The running total has given us the group value we wanted. All we have to do now is group by it.

with a as (
  select time, amount,
  case
    when time - lag(time,1,time-1) over (order by time) > 3/24/60/60
    then 1
    else 0
  end grp_start
  from t
), b as (
  select time, amount, grp_start,
  sum(grp_start) over (order by time) grp
  from a
)
select min(time) first_time, max(time) last_time, sum(amount) sum_amount
from b
group by grp
order by 1;
FIRST_TIME LAST_TIME SUM_AMOUNT
12:22:01 12:22:06 800
12:22:45 12:22:46 300
12:23:12 12:23:12 100
12:23:22 12:23:22 200

This method is a bit less efficient than Tabibitosan, because it needs two analytic functions to assign groups to the rows, but it can be used much more often. As long as we can identify the start of each new group using analytics, this method will work.

The “row pattern matching” solution

I have already explained the basic syntax in my previous posts. Here I am taking advantage of the defaults to write the code as concisely as possible.

SELECT * FROM t
MATCH_RECOGNIZE(
  ORDER BY time
  MEASURES FIRST(time) first_time, LAST(time) last_time, SUM(amount) sum_amount
  PATTERN (a b*)
  DEFINE b AS time <= PREV(time) + 3/24/60/60
);

What’s the difference between this solution and the one I used in an earlier post to group consecutive values? Just one: in the DEFINE, I used “=” before and now I use “<=”.
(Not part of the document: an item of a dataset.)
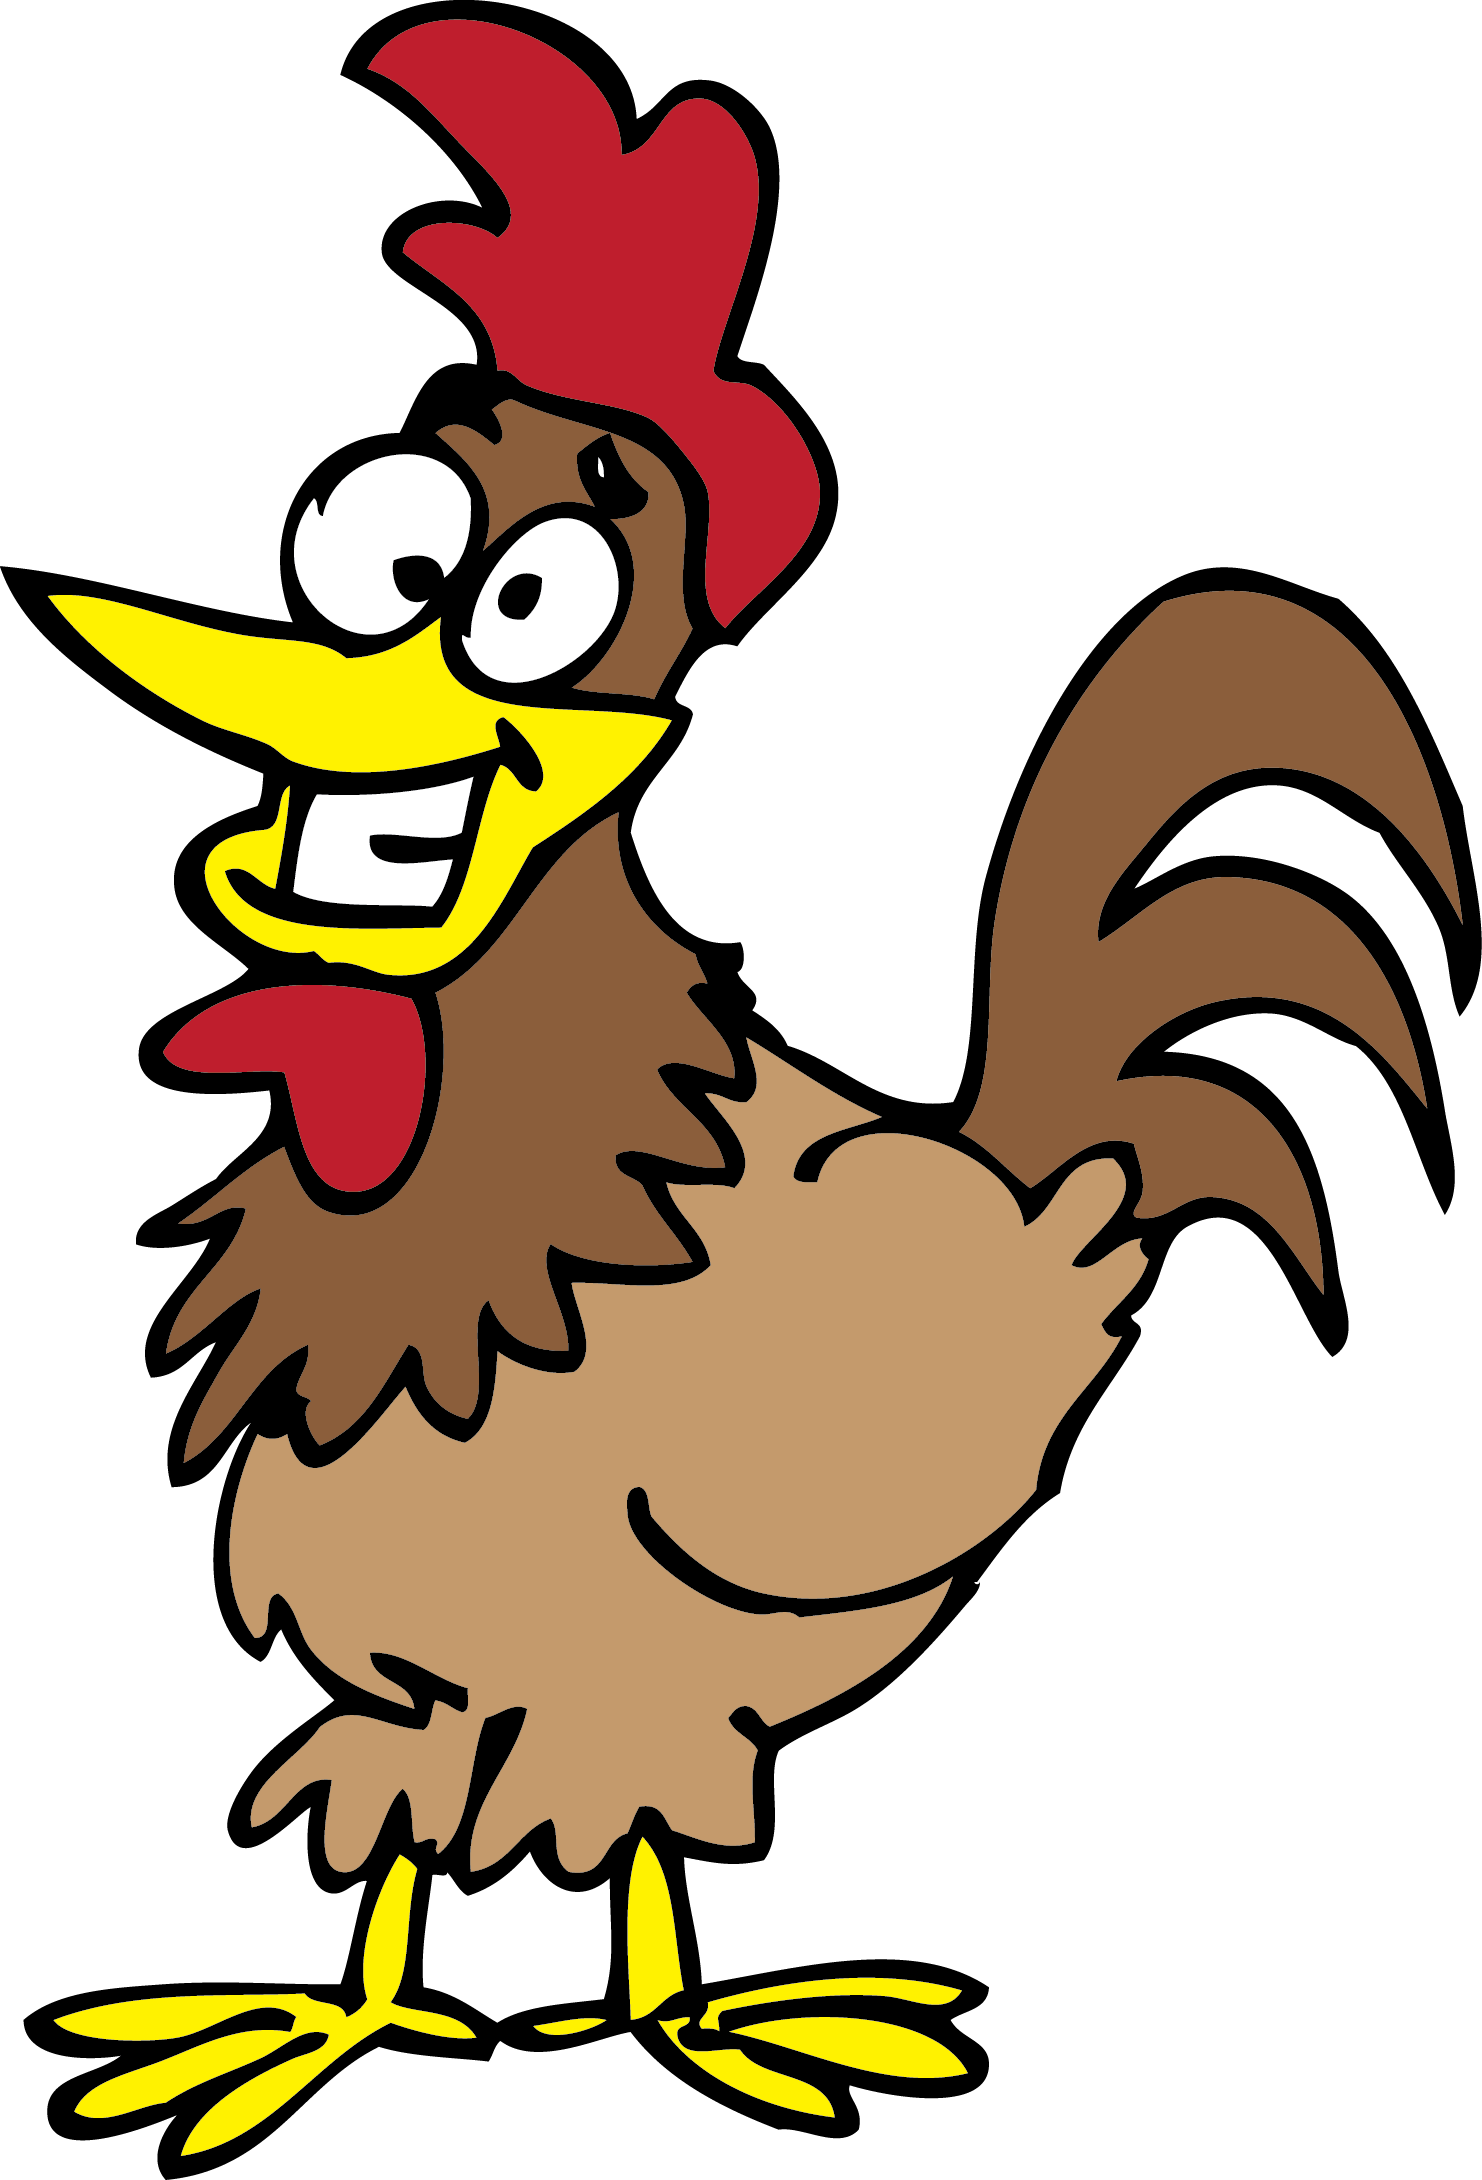 Hen clipart animation, Hen animation Transparent FREE for download on
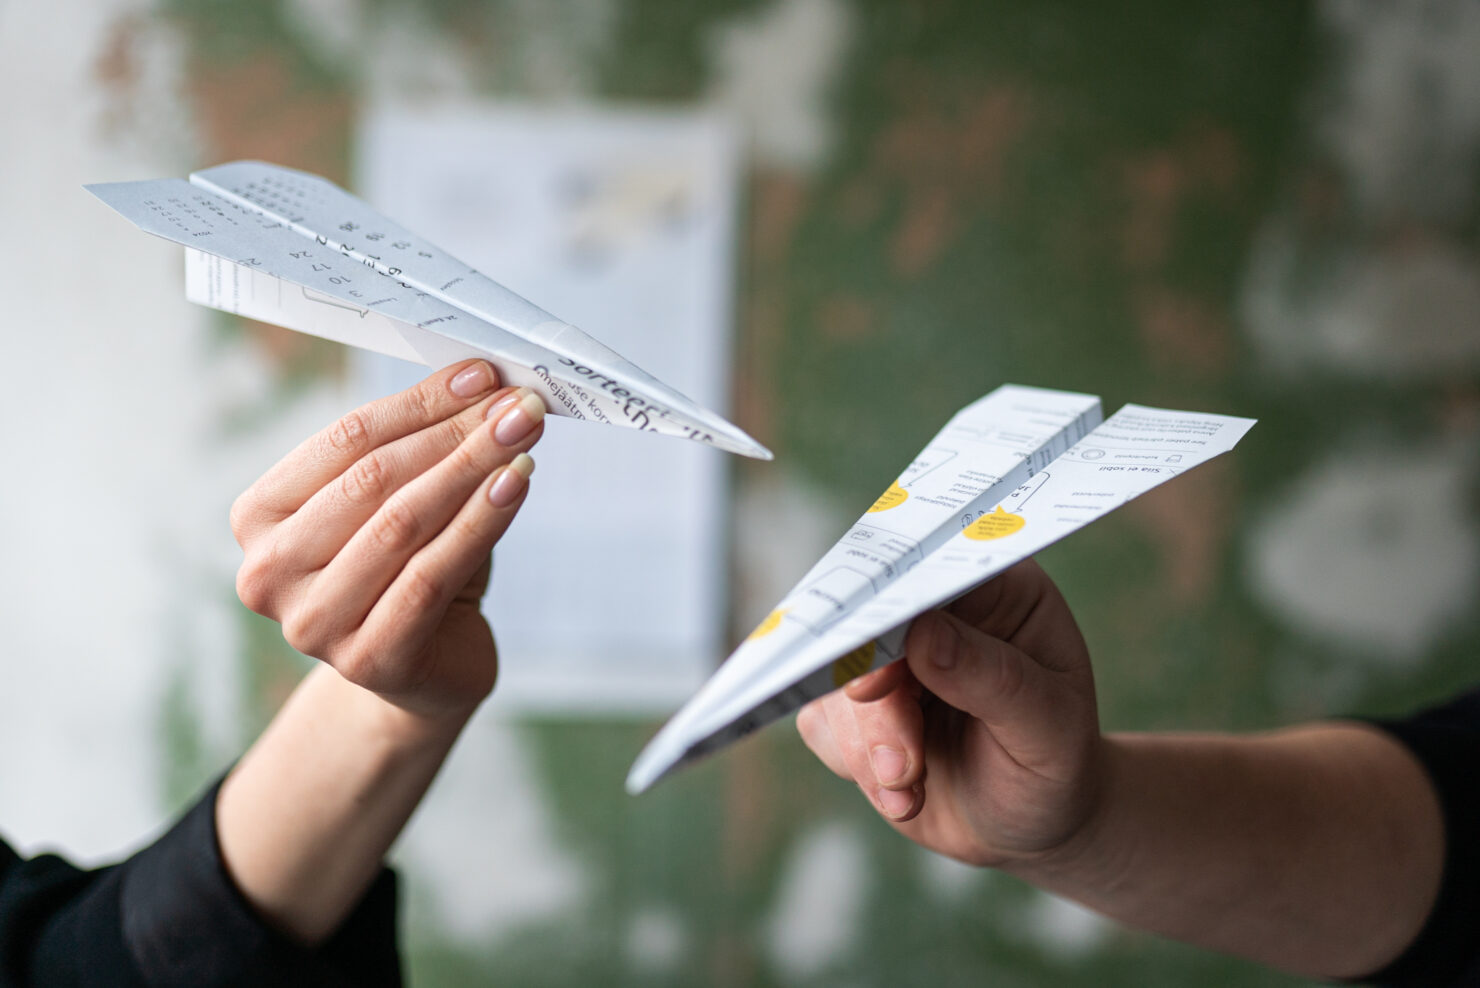 Paper planes made out of calendar pages

Tabibitosan and “start of group” are two quite different techniques. Before 12c, you have to know both and know when to use each one. With 12c MATCH_RECOGNIZE, you just say what you want and then you get it.

Warning

In the post I linked to, Timur used the “start of group” technique on dba_extents and dba_free_space. Of course I had to redo his code using MATCH_RECOGNIZE. As I write this, my code is still running…wait, it’s not running anymore but the VM with my database just disappeared. I tried again and the VM disappeared again. Let’s be careful out there!

UPDATE: after setting the PROCESSES parameter to something more reasonable, my database and VM are stable but my code runs forever. The trace file shows a wait on ‘resmgr: cpu quantum’.